- **PROBLEM**
Among the entries that follow, the required portion opens with the line containing "1000 Islands Ceramic Mug 11oz or 15oz" and closes with the line containing "MANTA HAIR BRUSH - Cassis". Give that portion again exactly, and nothing else.

- **PROVIDED RECORDS**
────────────────────────────────────────

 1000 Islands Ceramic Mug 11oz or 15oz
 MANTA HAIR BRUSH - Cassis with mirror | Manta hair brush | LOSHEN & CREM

────────────────────────────────────────

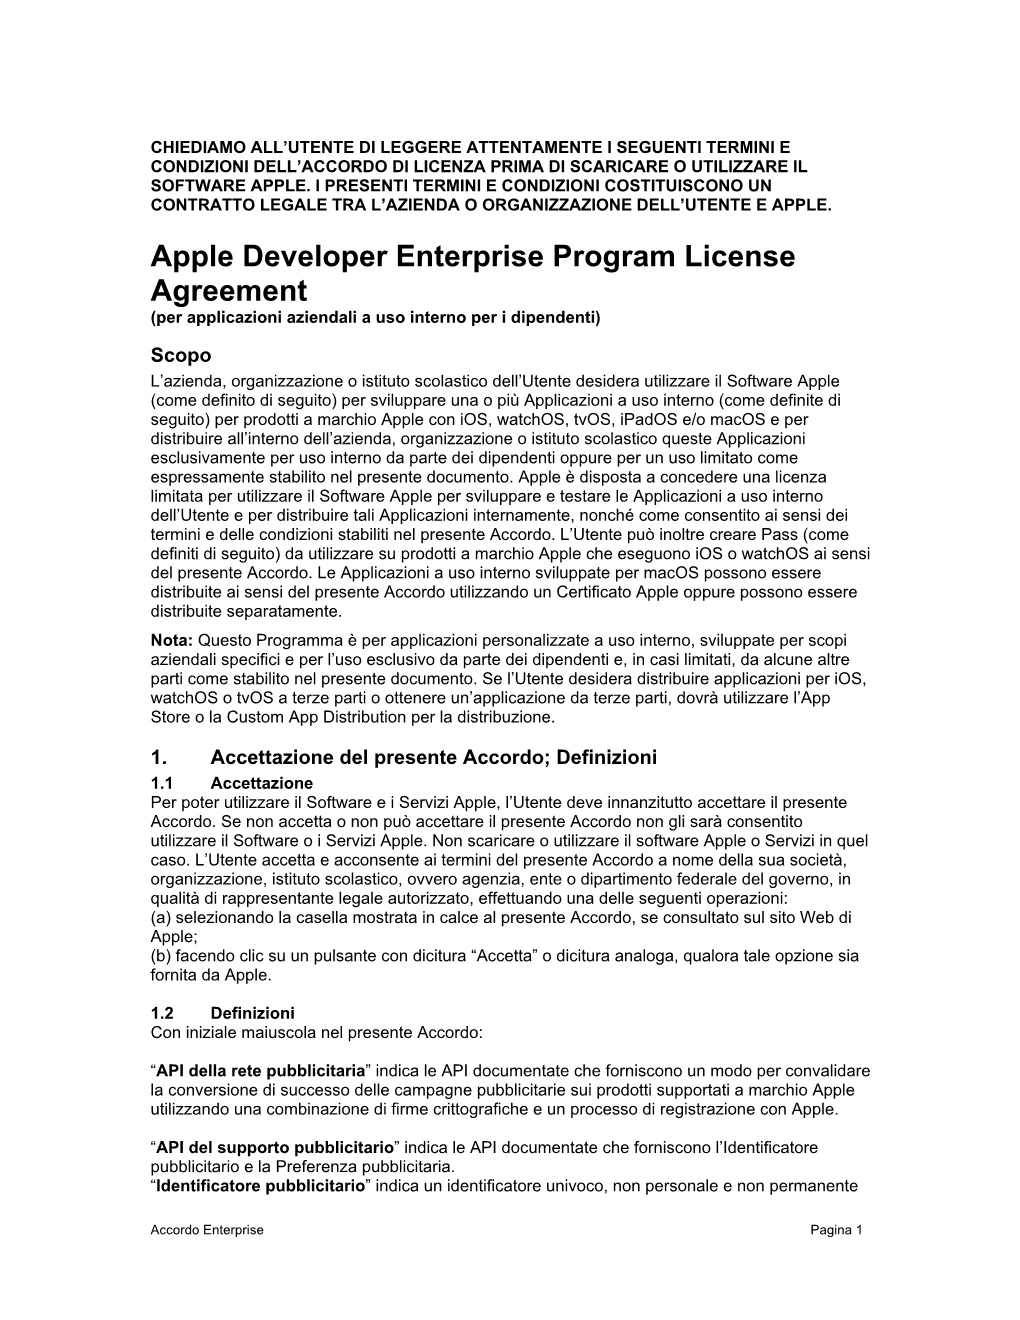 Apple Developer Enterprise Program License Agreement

────────────────────────────────────────

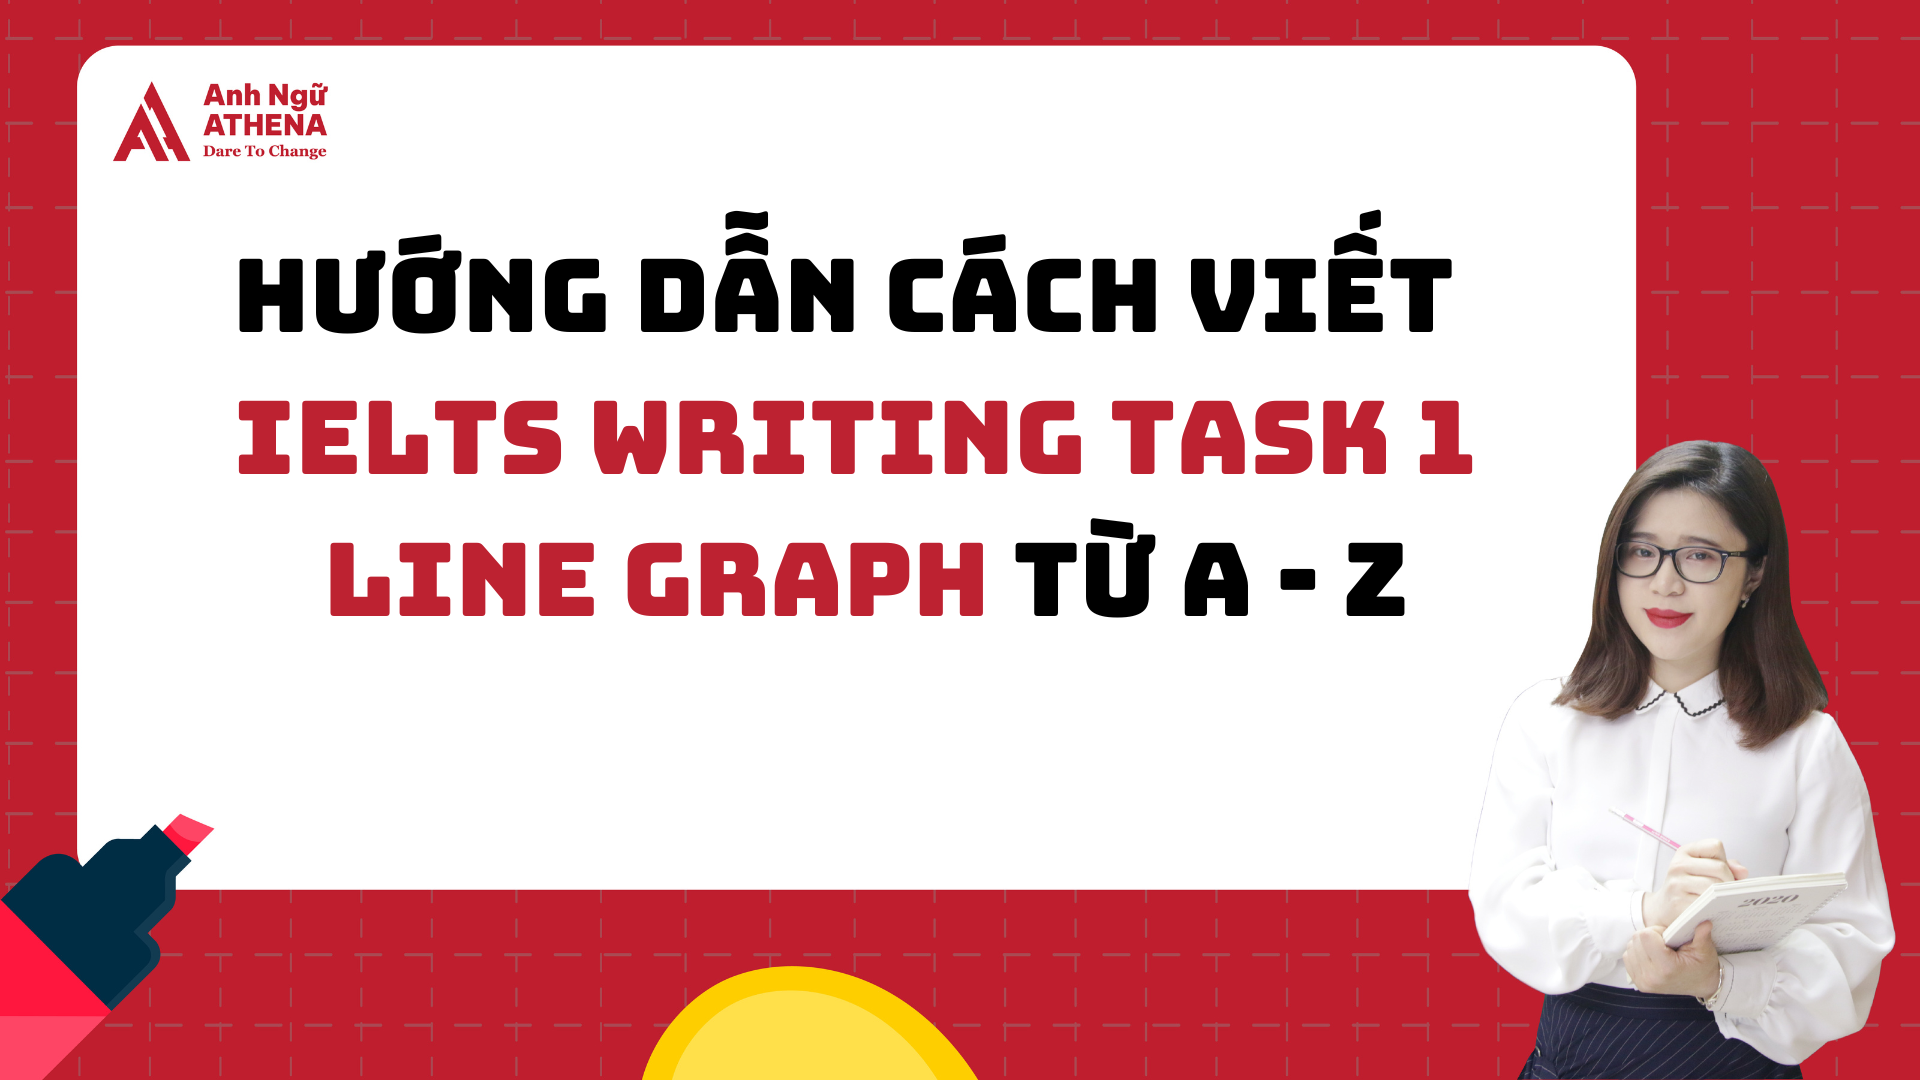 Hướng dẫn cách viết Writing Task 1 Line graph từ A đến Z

────────────────────────────────────────

- **SOLUTION TO THE PROBLEM**
 1000 Islands Ceramic Mug 11oz or 15oz
 MANTA HAIR BRUSH - Cassis with mirror | Manta hair brush | LOSHEN & CREM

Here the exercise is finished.